By Tom Maguire | Associate editor

Each year, the Diocese of Syracuse honors its clergy who are celebrating milestone anniversaries. Here, the Sun offers a brief look at jubilarians marking 25, 30, and 40 years of dedicated priestly service. Next week’s issue will feature jubilarians marking 50, 60, and 65 years.

Father Gerard F. Lupa

Father Gerard F. Lupa went to Medjugorje in 1989. Inspired, he came back and started prayer groups.

Asked about their effectiveness, he told this story:

About three years ago, a parishioner at St. Malachy Church in Sherburne, where Father Lupa is the priest in residence, was told there was a ninety-nine percent chance he had fourth-stage pancreatic cancer.

The St. Malachy prayer group started working on the one-percent possibility that the man, Jake Miller, actually had a treatable illness that mimicked the horrible diagnosis.

“The doctor came running into his room with the test results,” Father Lupa recalled. The one-percent chance had won out.

The story symbolizes the remarkable ministries of this year’s priest jubilarians. Father Lupa, who was ordained in May 1977, is among several observing their 40th jubilees.

The St. Malachy prayer group has 10-15 members and meets Thursday nights. “It definitely deepens people’s awareness of their commitment to the Lord,” Father Lupa said.

Miller, 82, retired at age 55 after working for 38 years for IBM in East Fishkill. He was the materials manager, ordering, buying, and taking care of all the parts needed to keep the factory running. The factory isn’t there anymore, but Miller is here, thanks to the very effective prayer group.

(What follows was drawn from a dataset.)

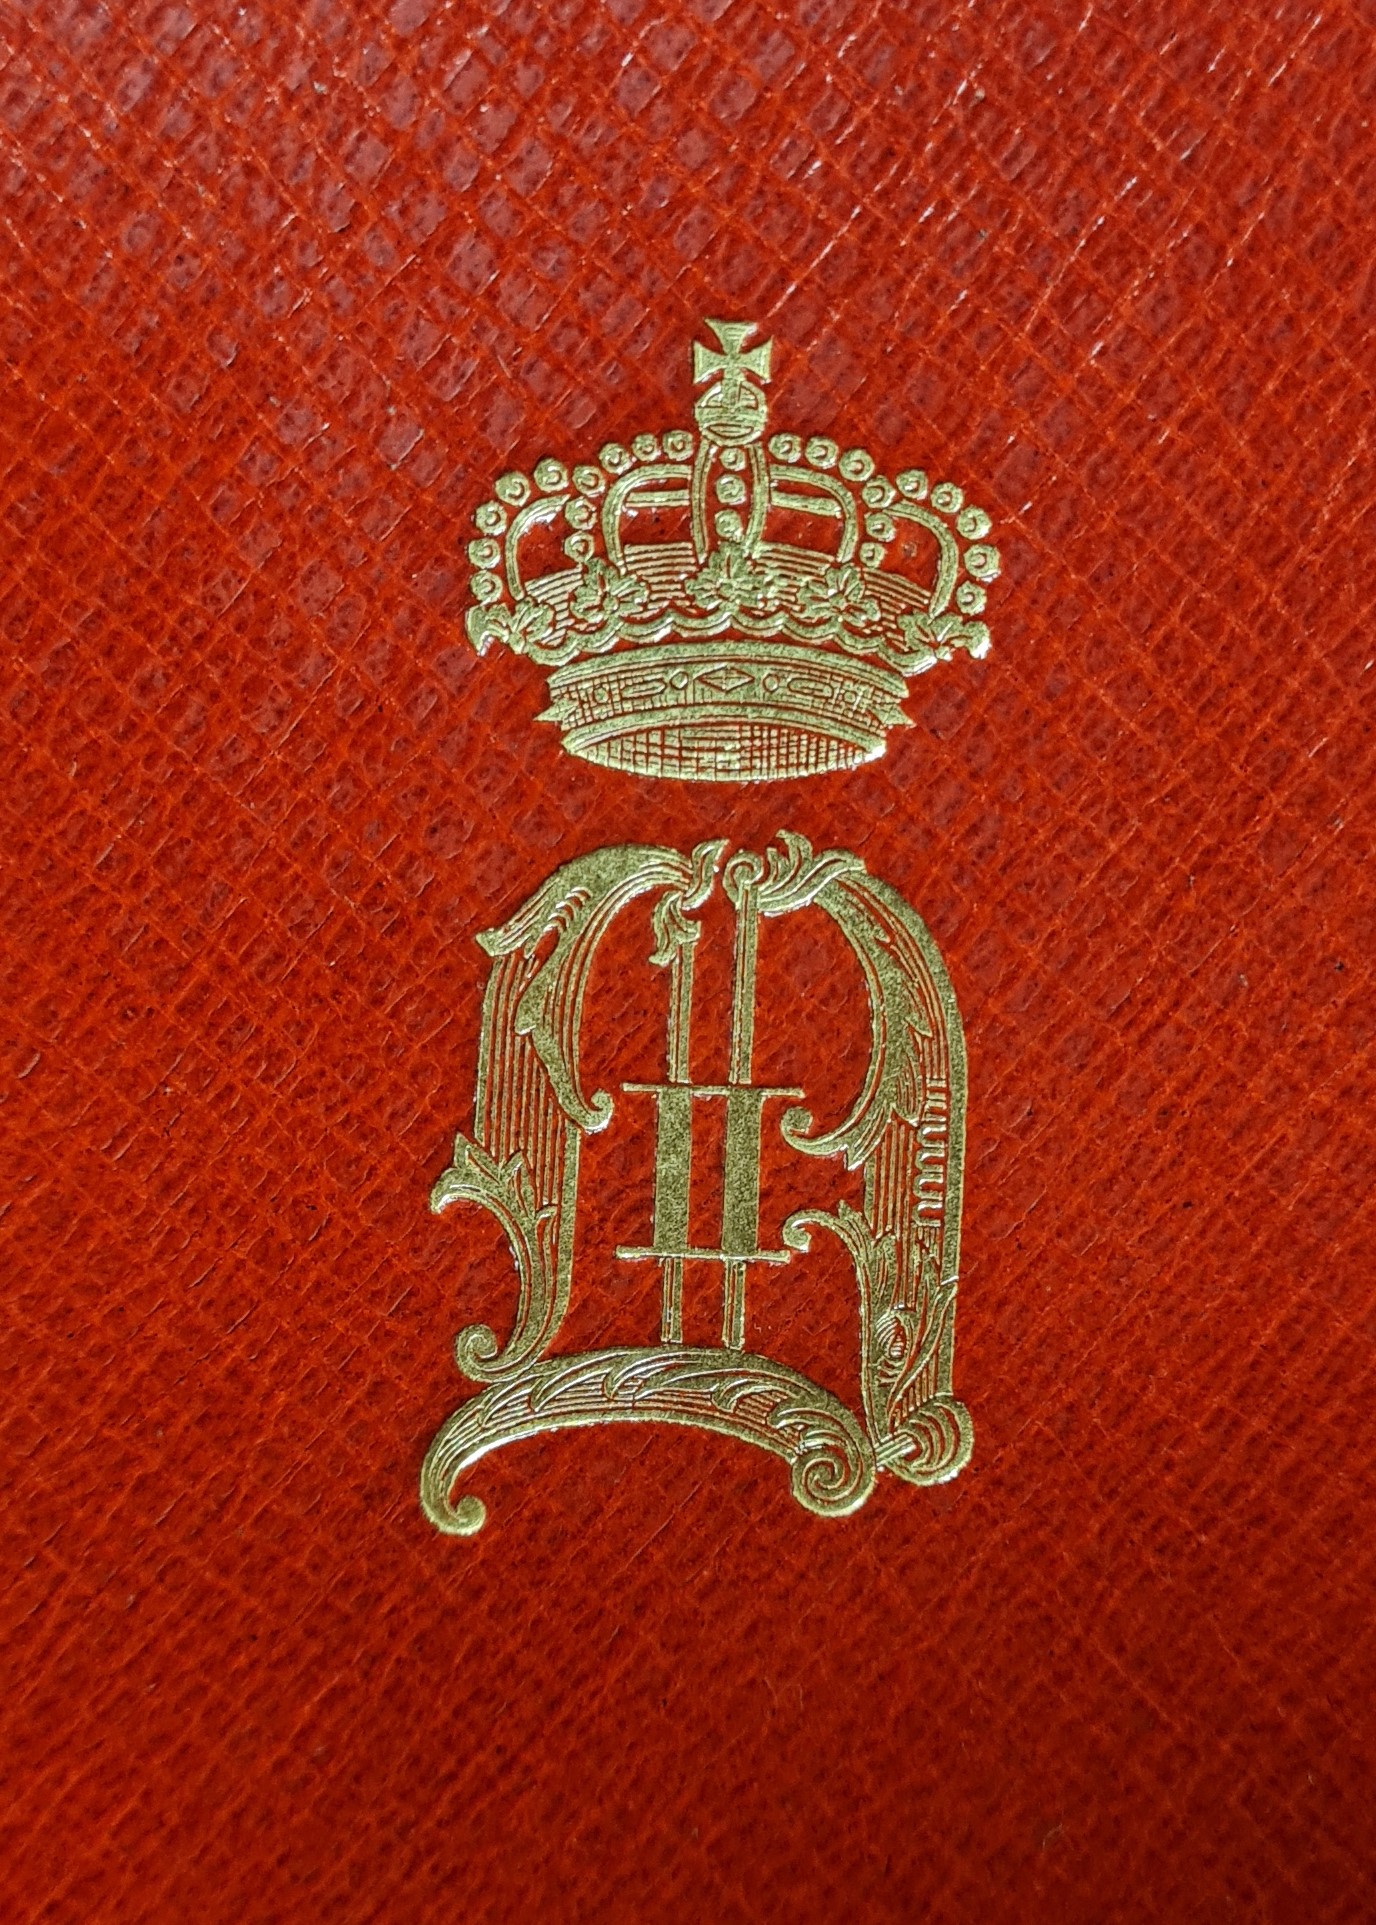 Färgfoto av ett förgyllt monogram med kungakrona på ett rött bokband

Reached at his home in Earlville, he said he doesn’t pretend to be a miracle, “but I’m glad, and I’m as healthy as can be.”

“I had three doctors tell me I had pancreatic cancer and I had a limited time to live,” he said. But when he woke up after exploratory surgery, the doctor told him: “‘No cancer.’”  Instead, Miller had sclerosing  pancreatitis. He also had four nodes on his lungs. They, too, proved to be non-cancerous. After his exploratory surgery, they went away. “Just amazing,” he said. “I was supposed to die.”

“In addition to his prayer group, Father Lupa sent me prayers and cards,” Miller said, “and he always sent me just the right card or the right prayer for what was happening to me at that time.”

Pondering the way he sidestepped a medical disaster, he said: “The only thing that we can attribute it to is all the prayers that we received. … Apparently the good Lord has something special for me to do, and that’s why he’s kept me here. That’s why he spared me.”

In a thankful spirit, Jake and his wife, Janice, also 82, joined Father Lupa’s prayer group. “We feel we owe it to pray for someone else,” Jake said.

Father Lupa also started prayer groups in Rome and in Columbus, Ohio, he said, and they are still going.

He also helps out three weeks a month at Immaculate Conception in Greene and St. Joseph in Oxford. His service includes stints in Binghamton; Whitesboro; Syracuse; Utica; Malone; Clark Summit, Pa.; and Elmhurst, Pa.

Father Lupa was inspired to be a priest by the late Father Ronald Buckle, who told him, “‘I think you belong in the seminary.’”

Father Buckle was very clever, his acolyte said. “He said, ‘Just try it for a year.’”

Father Lupa also holds dear these quotes from Father Buckle:

“‘If you do what God wants you to do you will find peace in your heart.’”

“‘Jesus is the answer to the world’s problems and our own personal problems.’”

Father Lupa concluded: “I totally agree with him 40 years later.”

 

Father Louis F. Aiello

Father Louis F. Aiello,

formation director,

diocesan permanent diaconate;

assisting at Christ the King Church,

Liverpool, ordained in May 1977

Father Aiello has enjoyed all of his service — both pastoral and diocesan.

“I’ve never felt it to be overwhelming,” he said. He added that with God’s grace, it has always been a joy — all aspects of it.

He served 30 years in parish ministry, including 16 years as a pastor and now for 15 years full time as the director of deacon formation. He also served from 1999 to 2001 as the diocesan director of religious education. Other service includes the priest senate and the priest personnel committee.

In his parish work, he has served in Cazenovia, Syracuse, Tully, and Otisco.

Father Aiello earned his bachelor’s degree at Le Moyne College. Then he earned both his master of divinity degree and his master of arts in theology degree at Christ the King Seminary in East Aurora, N.Y. A man who loves challenges, he later continued his graduate studies at Syracuse University, where he received a master of arts in philosophy degree and an interdisciplinary doctorate in philosophy and religious studies.

 He cited his “depth of feeling about how much I love the priesthood. I feel humbled by it and deeply grateful to God. The center of my life has always been the celebration of the Mass and the Eucharist. It both fills me and fulfills me.”

He added: “My priesthood has been a privilege and an honor: to serve the people of God. … The past 40 years have been such a joy that it seems more like four years.”